▶ Exercise data:
══════

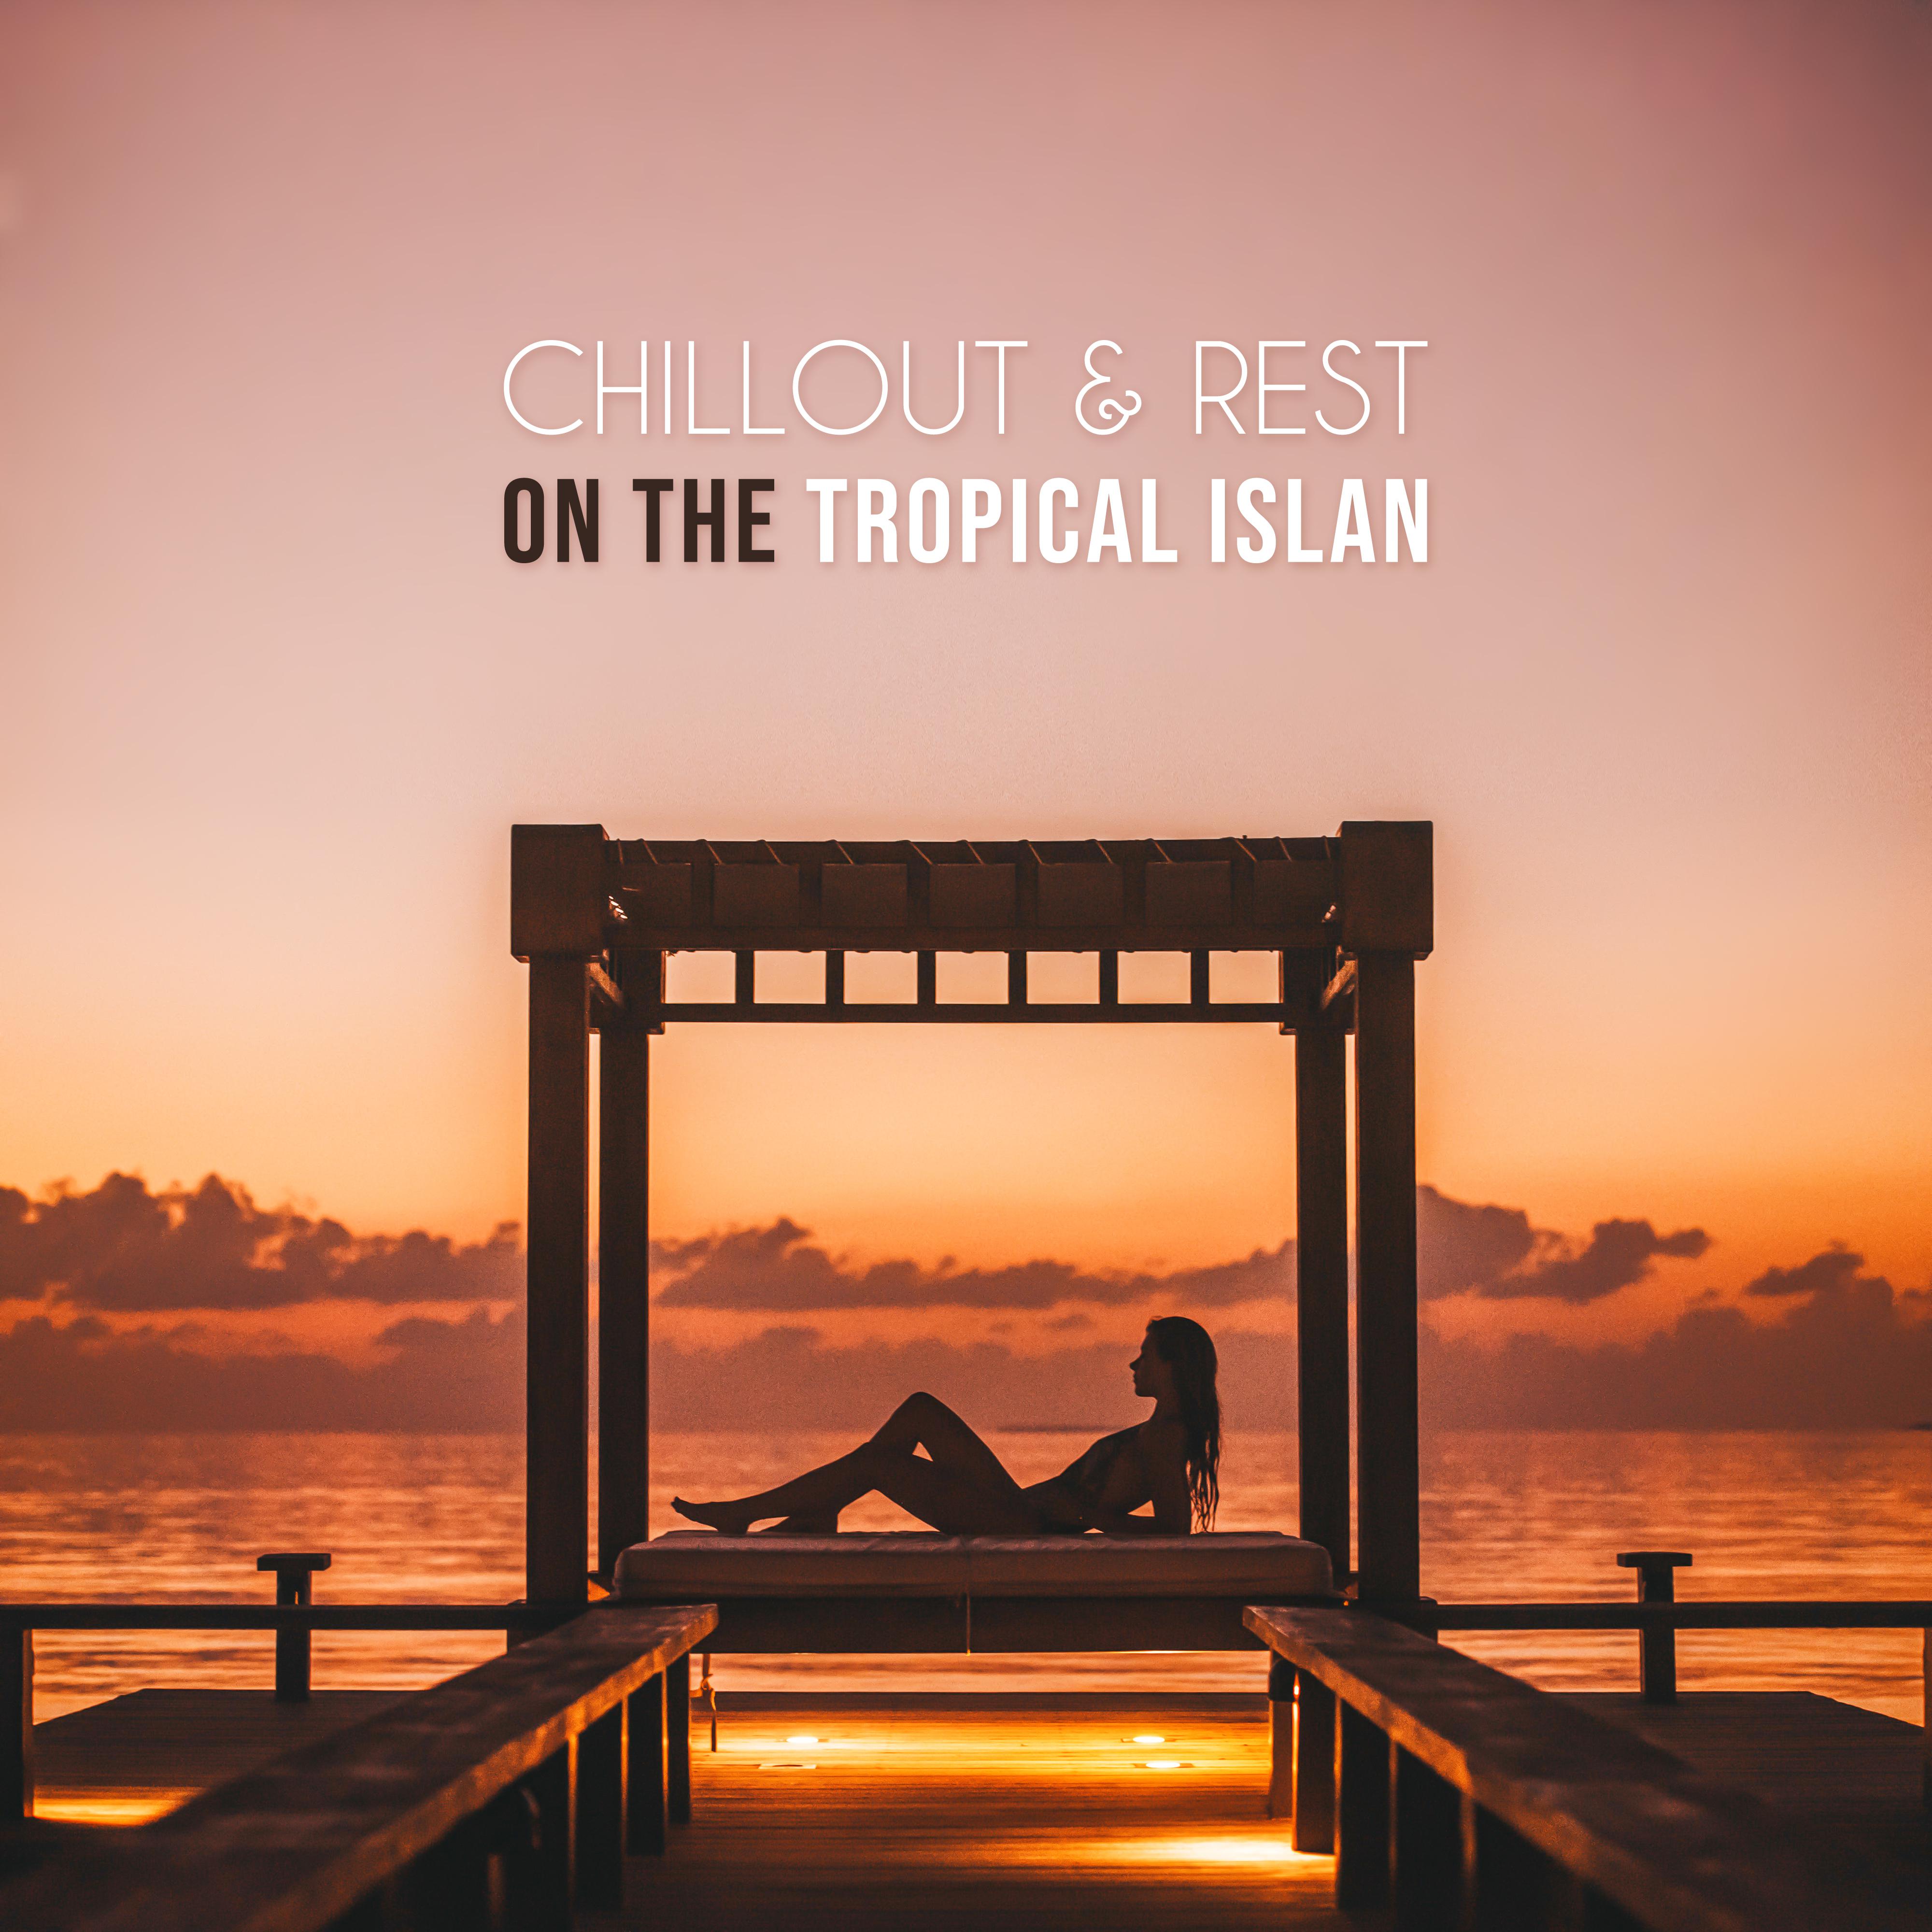 Chillout & Rest on the Tropical Island: 2019 Chill Out Relaxing Ambients & Deep Slow Beats, Sun Salutation, Relaxation on the Beach with Love & Drinks
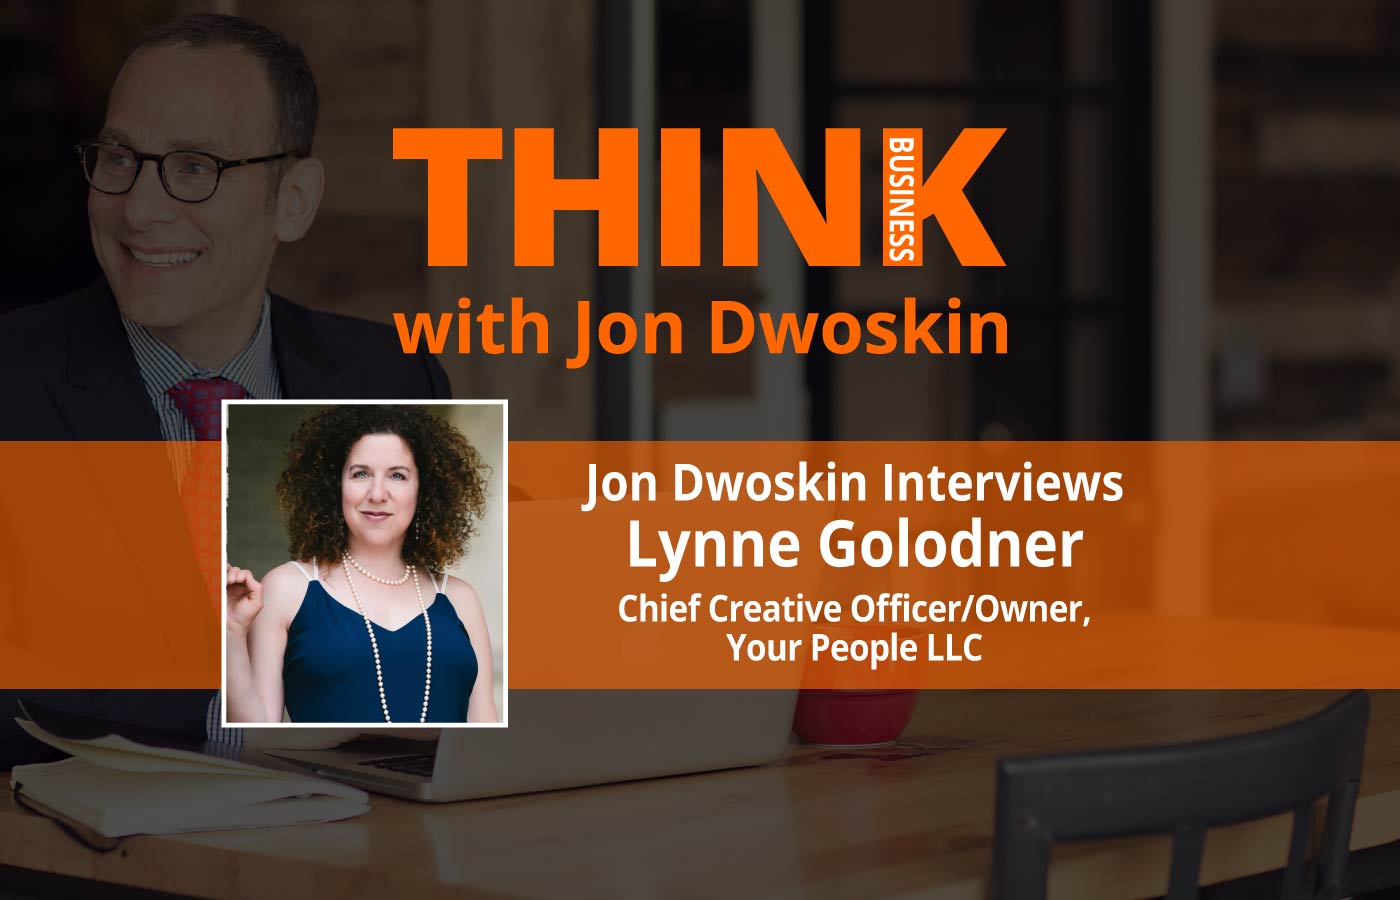 THINK Business: Jon Dwoskin Interviews Lynne Golodner, Chief Creative Officer/Owner of Your People LLC
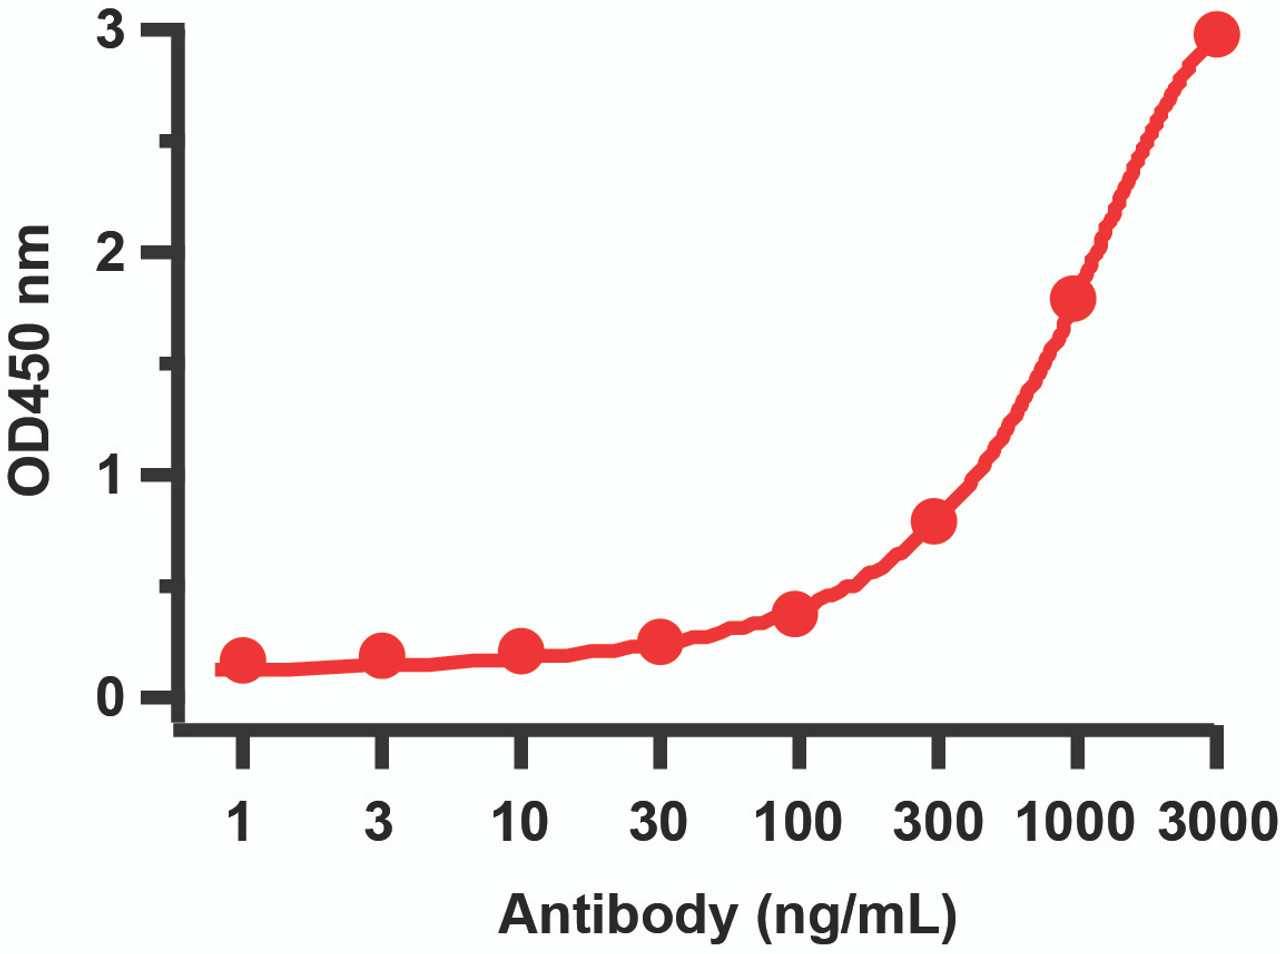 Figure 1 ELISA Validation with SARS-CoV-2 (COVID-19) 3CL-PRO (NSP5) Protein 
Antibodies: SARS-CoV-2 (COVID-19) 3CL-PRO (NSP5) Antibody, 9151. A direct ELISA was performed using SARS-CoV-2 3CL-PRO (NSP5) recombinant protein (10-400) as coating antigen and the anti-SARS-CoV-2 (COVID-19) 3CL-PRO (NSP5) antibody as the capture antibody. Secondary: Goat anti-rabbit IgG HRP conjugate at 1:20000 dilution. Detection range is from 1 ng/mL to 3000 ng/mL

══════

▶ What is being asked:
The answer must consist solely of the lines from the first line of the data through the line containing "Figure 1 ELISA", inclusive, reproduced exactly and without pictures.

▶ Answer below:
 Chillout & Rest on the Tropical Island: 2019 Chill Out Relaxing Ambients & Deep Slow Beats, Sun Salutation, Relaxation on the Beach with Love & Drinks
 THINK Business: Jon Dwoskin Interviews Lynne Golodner, Chief Creative Officer/Owner of Your People LLC
 Figure 1 ELISA Validation with SARS-CoV-2 (COVID-19) 3CL-PRO (NSP5) Protein 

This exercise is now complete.